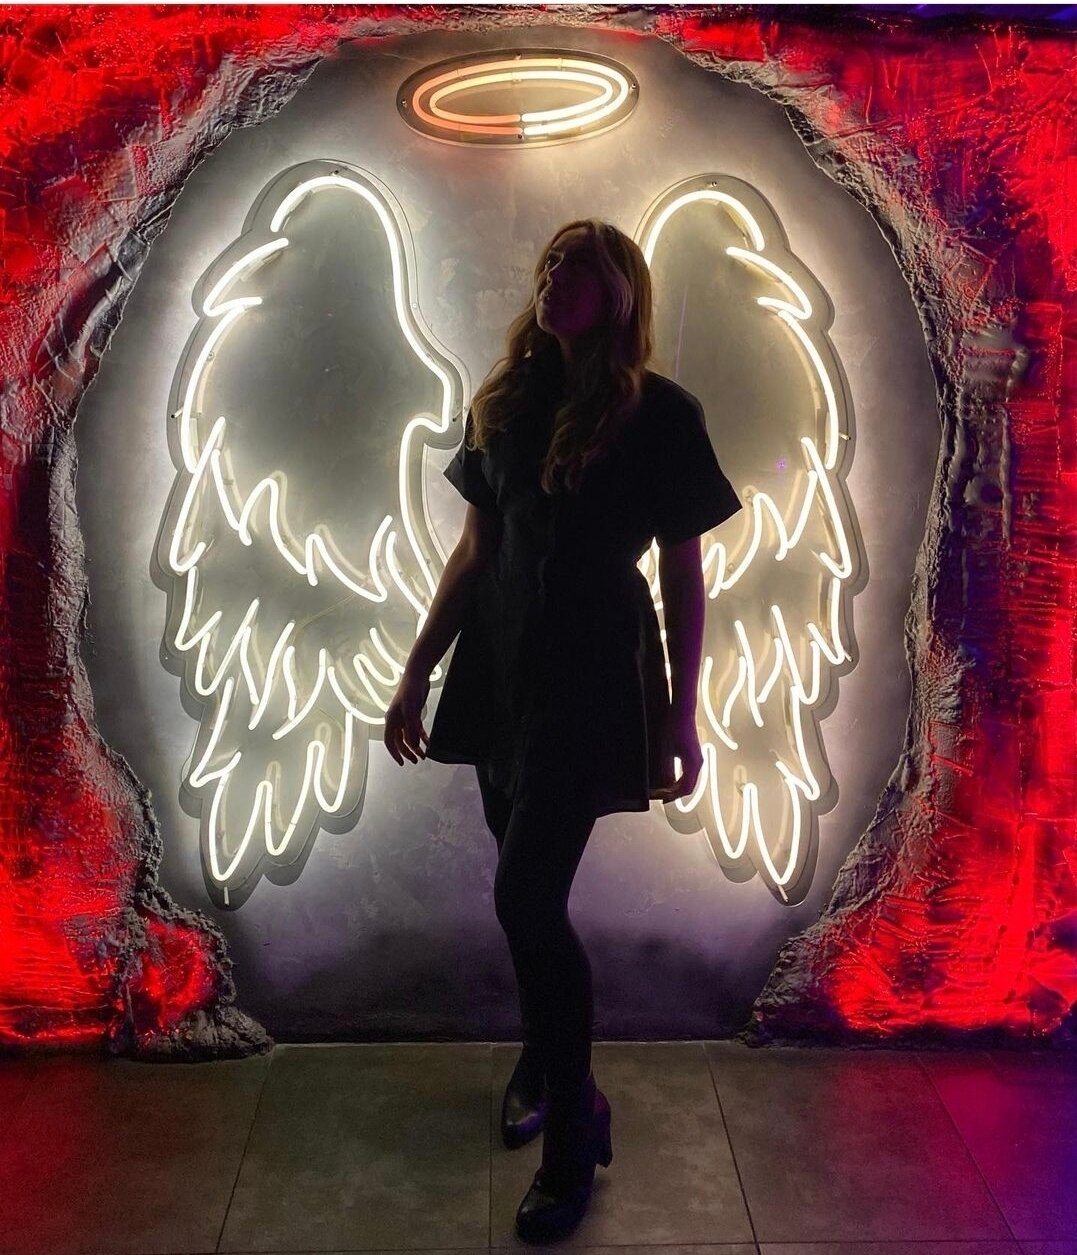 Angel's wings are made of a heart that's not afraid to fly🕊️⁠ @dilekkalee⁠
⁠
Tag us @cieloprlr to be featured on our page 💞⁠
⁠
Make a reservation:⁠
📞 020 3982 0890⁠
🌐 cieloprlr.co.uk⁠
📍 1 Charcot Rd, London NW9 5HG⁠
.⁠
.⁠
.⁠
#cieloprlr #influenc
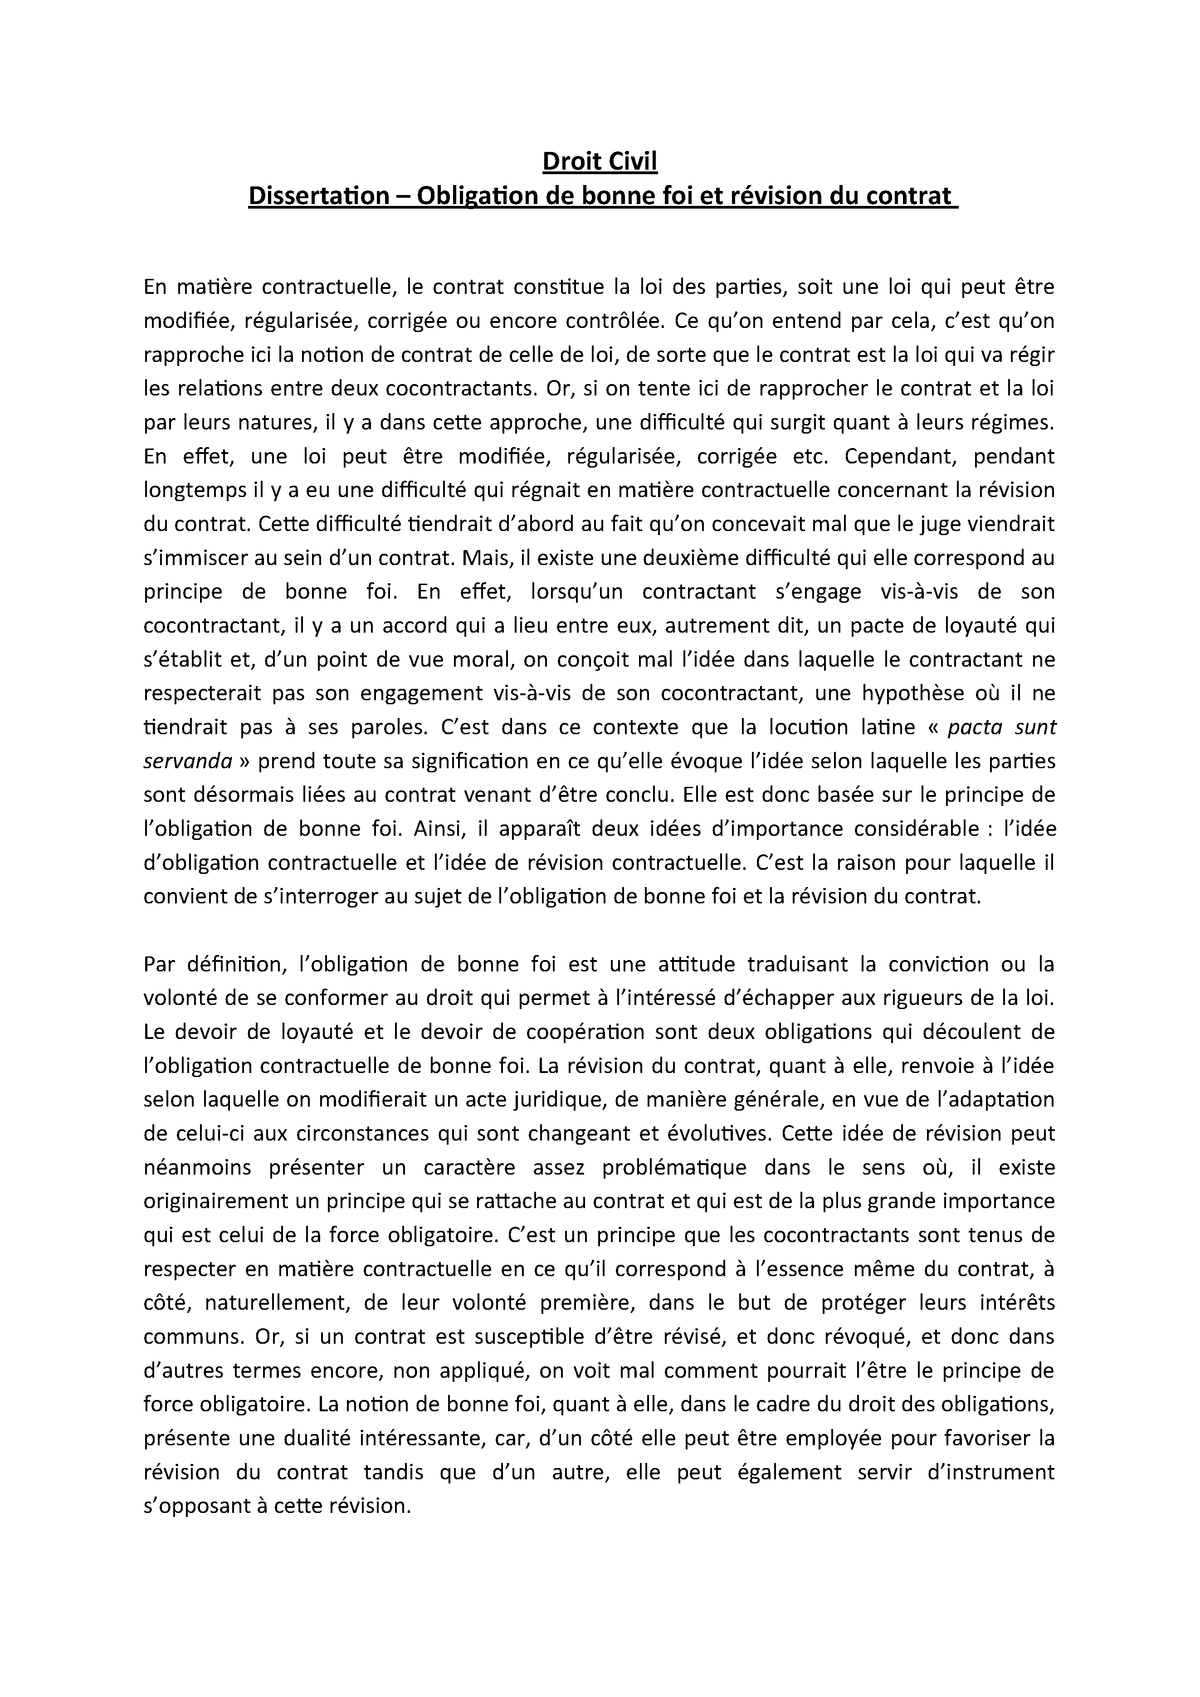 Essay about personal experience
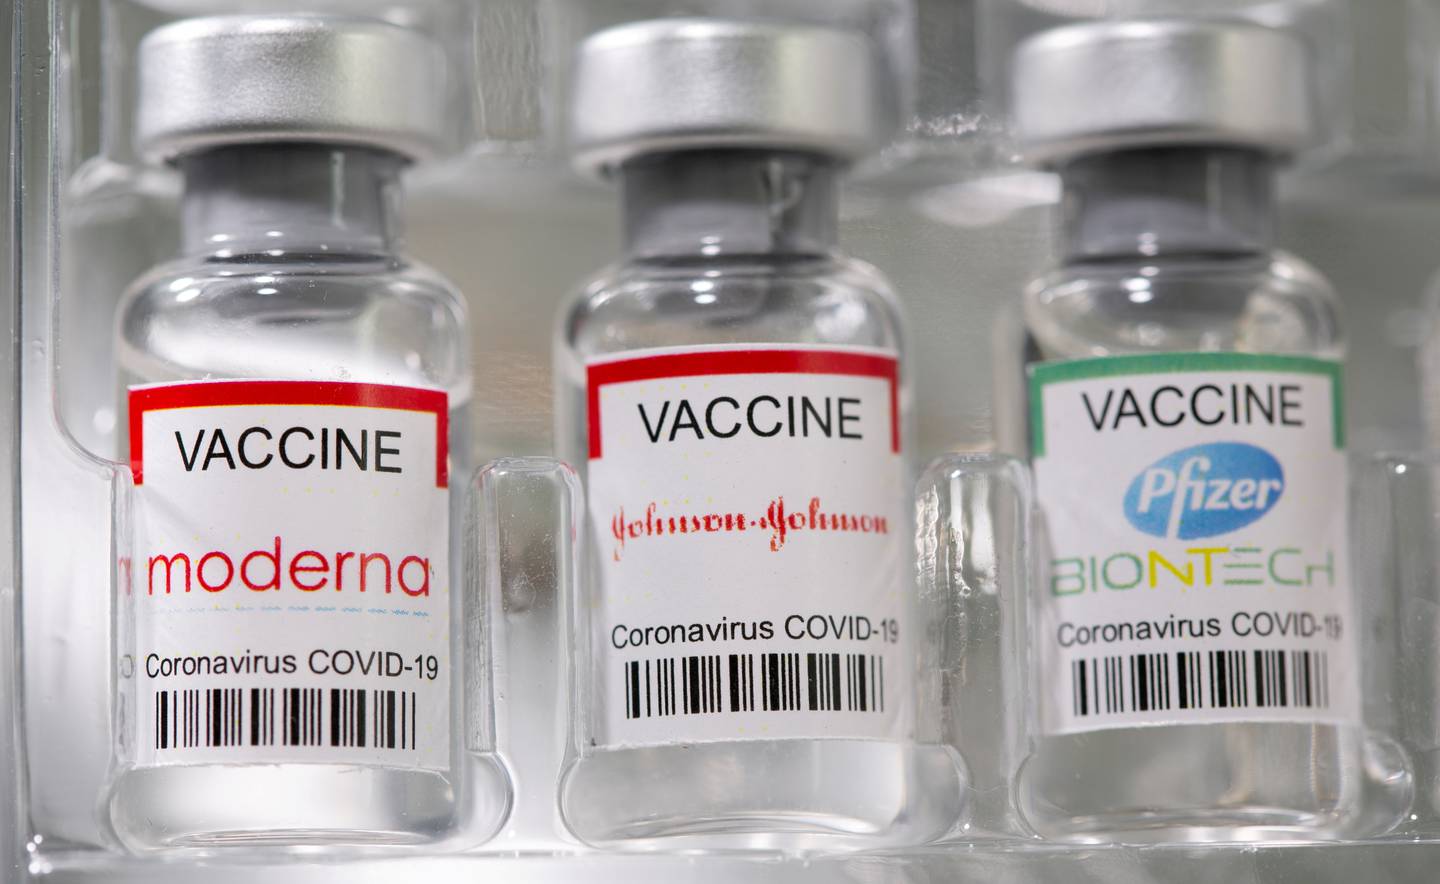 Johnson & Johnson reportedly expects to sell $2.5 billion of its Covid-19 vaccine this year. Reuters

...

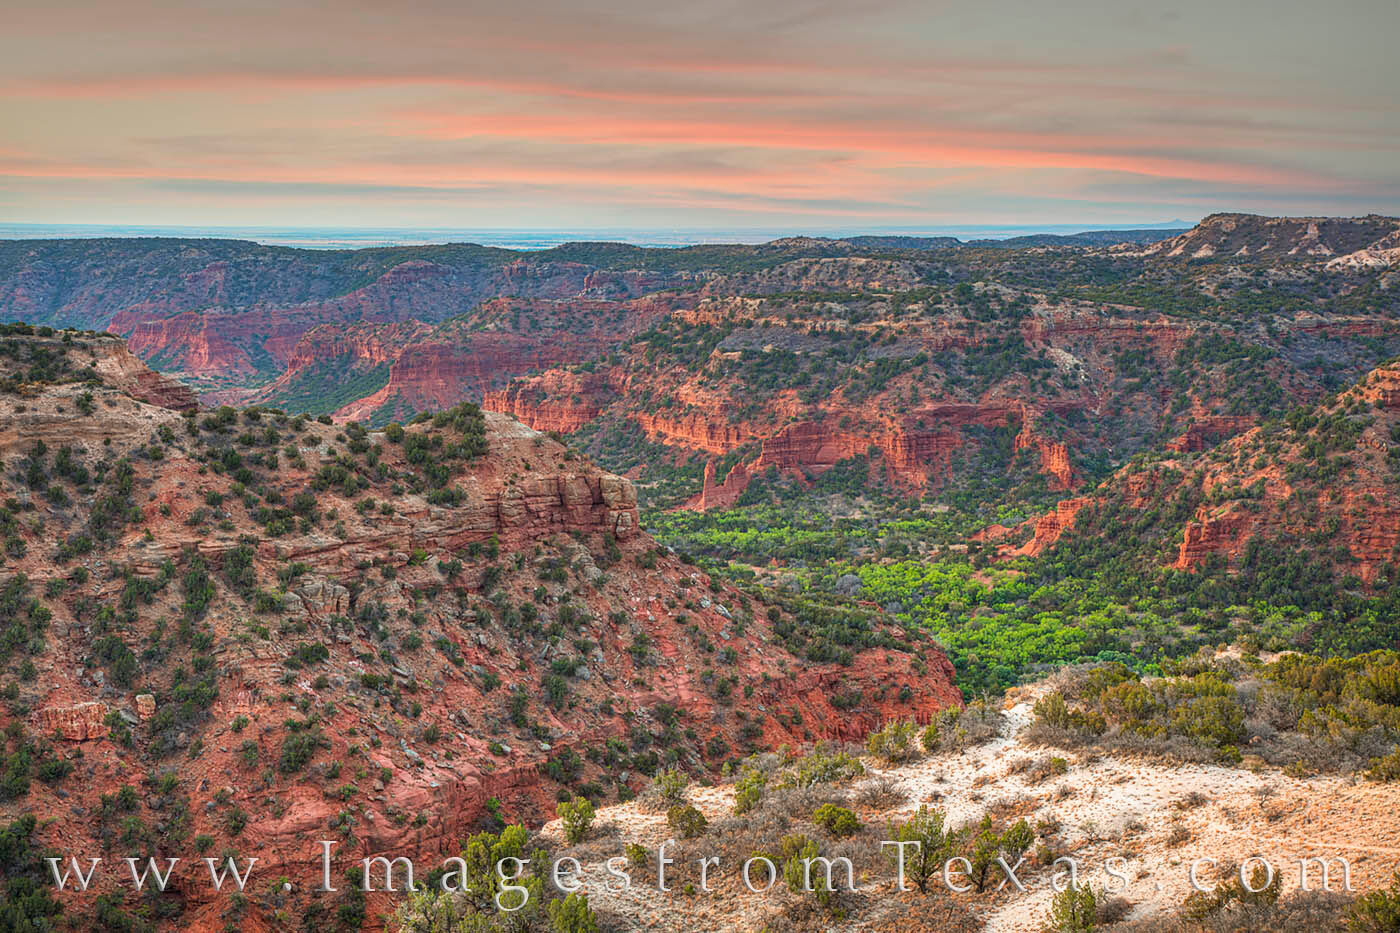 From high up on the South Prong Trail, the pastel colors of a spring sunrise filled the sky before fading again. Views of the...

---

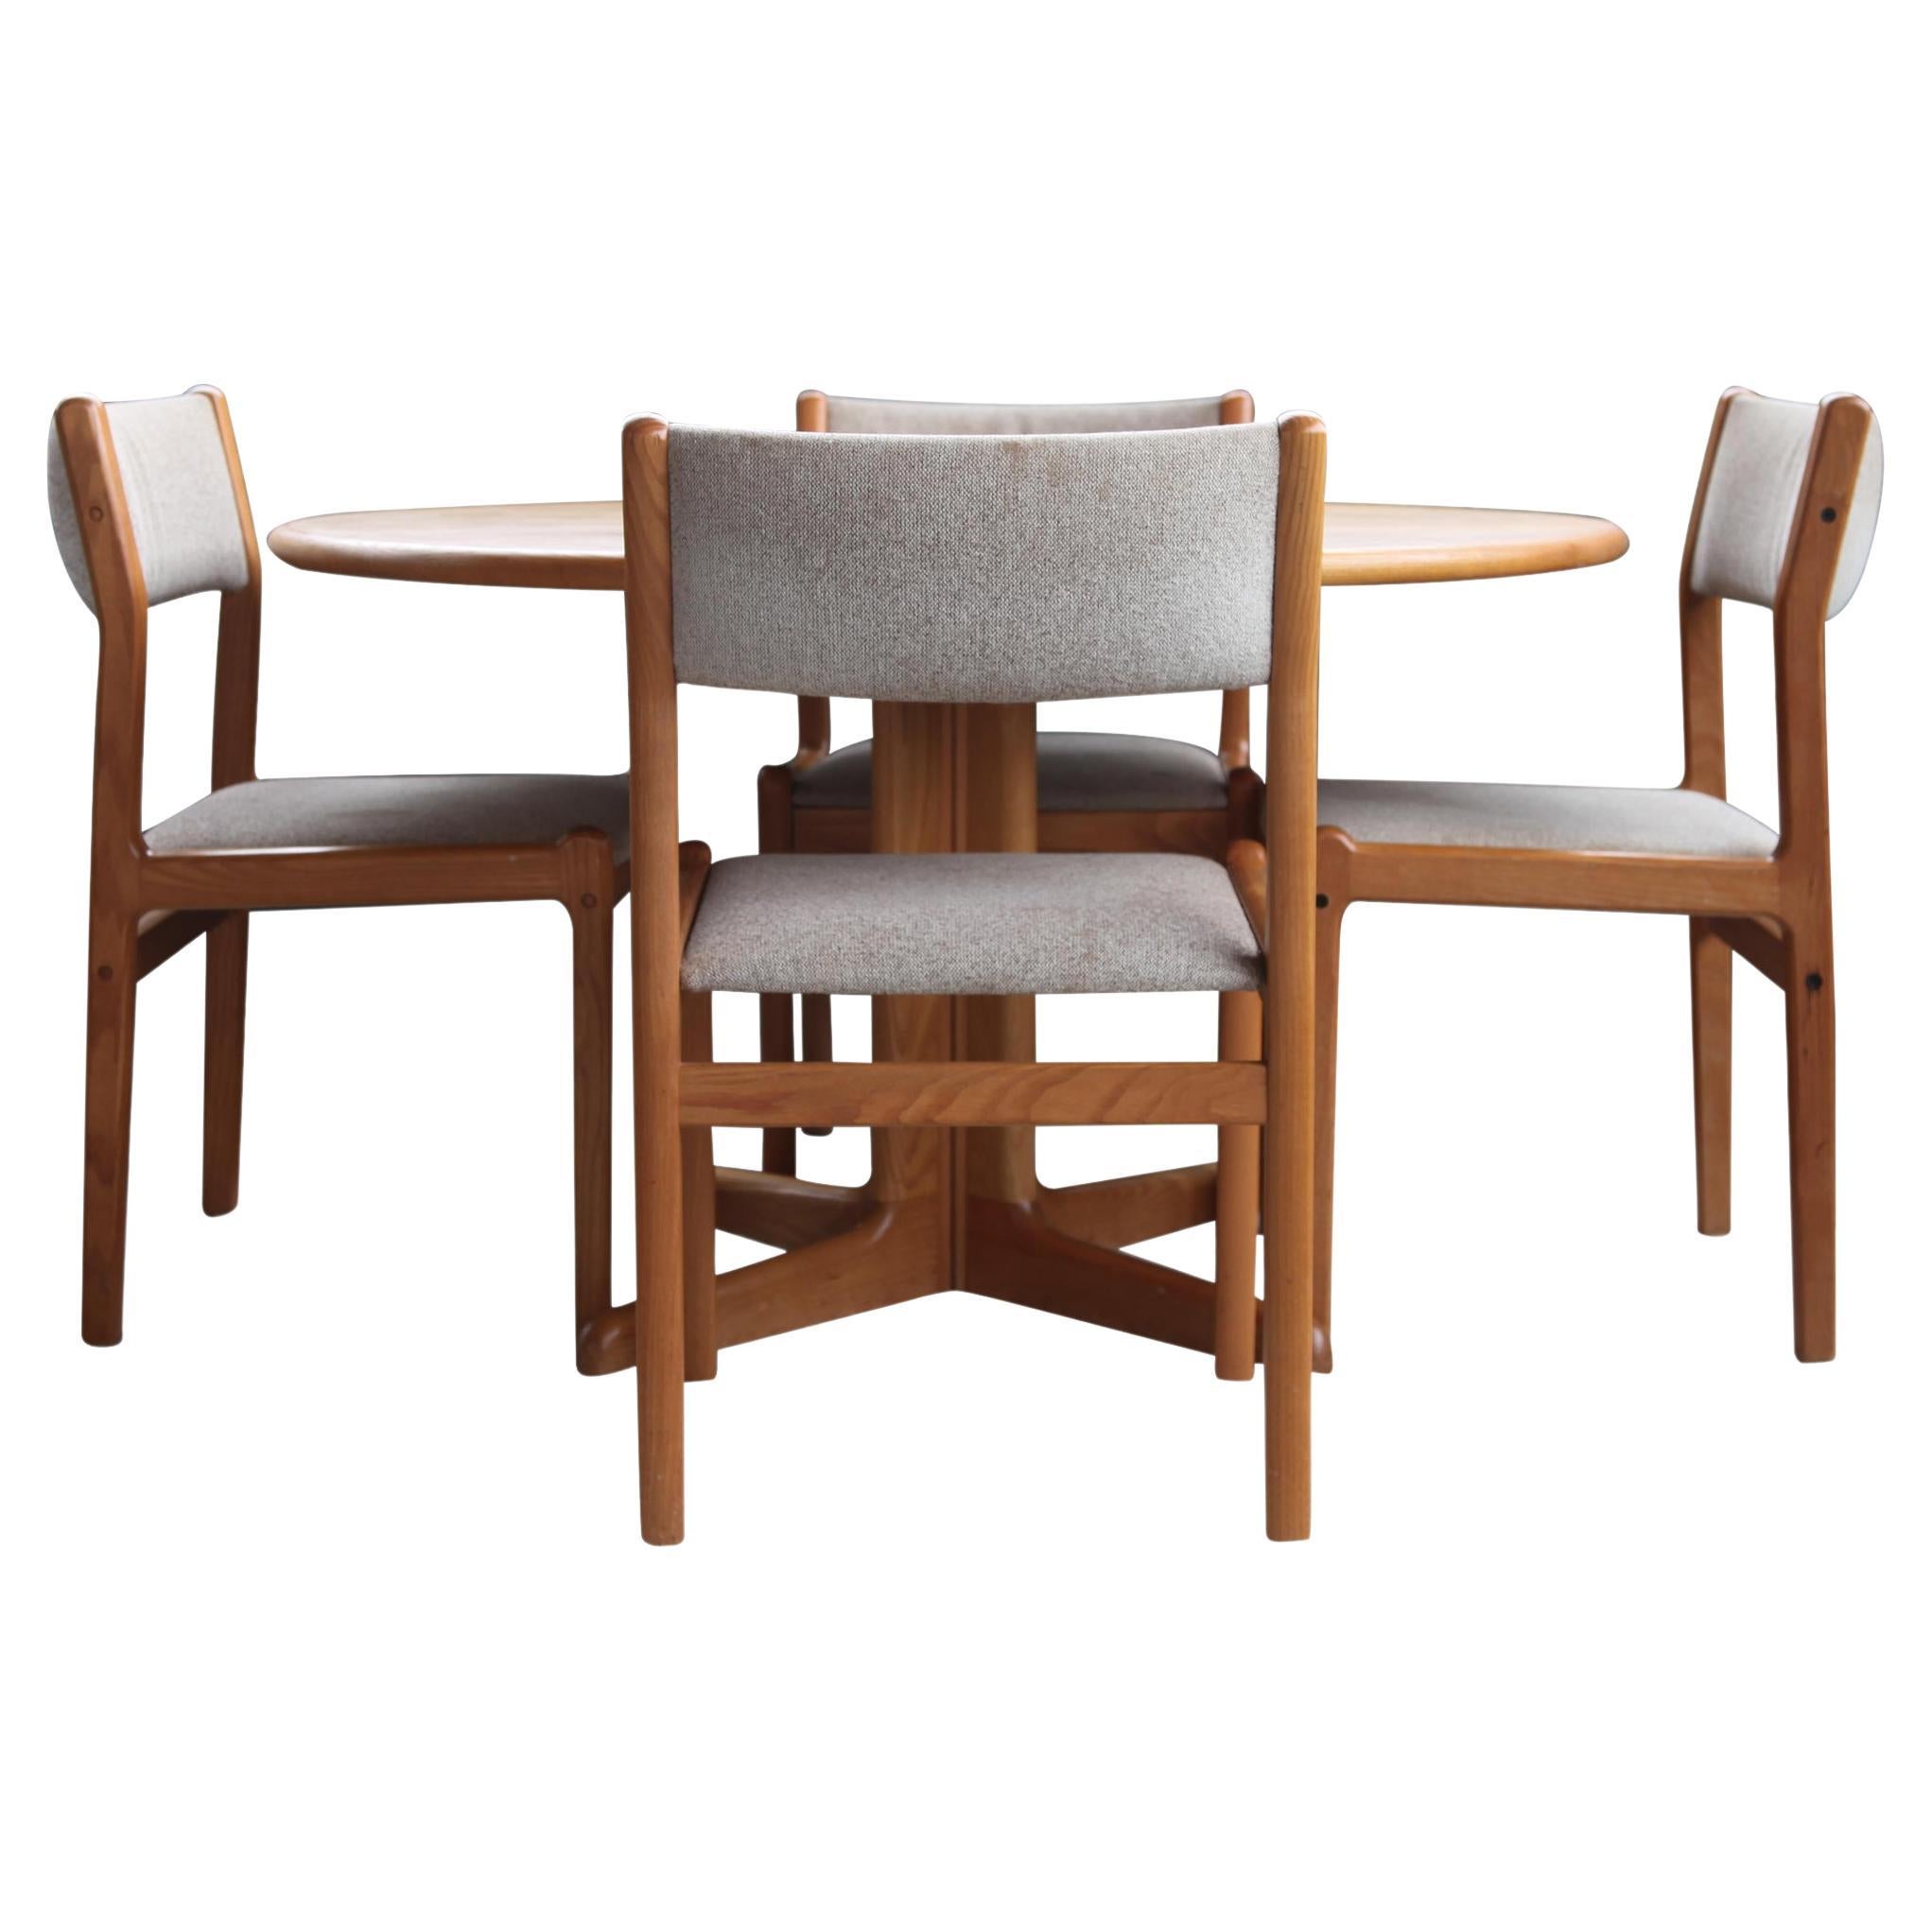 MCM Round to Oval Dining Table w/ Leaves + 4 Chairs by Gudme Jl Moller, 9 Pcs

What the task requires:
Copy word for word the span of the records above that begins at the line with "Angel's wings are" and ends at the line with "#cieloprlr #influenc", including those two lines but not the pictures.

Exercise response:
 Angel's wings are made of a heart that's not afraid to fly🕊️⁠ @dilekkalee⁠
⁠
Tag us @cieloprlr to be featured on our page 💞⁠
⁠
Make a reservation:⁠
📞 020 3982 0890⁠
🌐 cieloprlr.co.uk⁠
📍 1 Charcot Rd, London NW9 5HG⁠
.⁠
.⁠
.⁠
#cieloprlr #influenc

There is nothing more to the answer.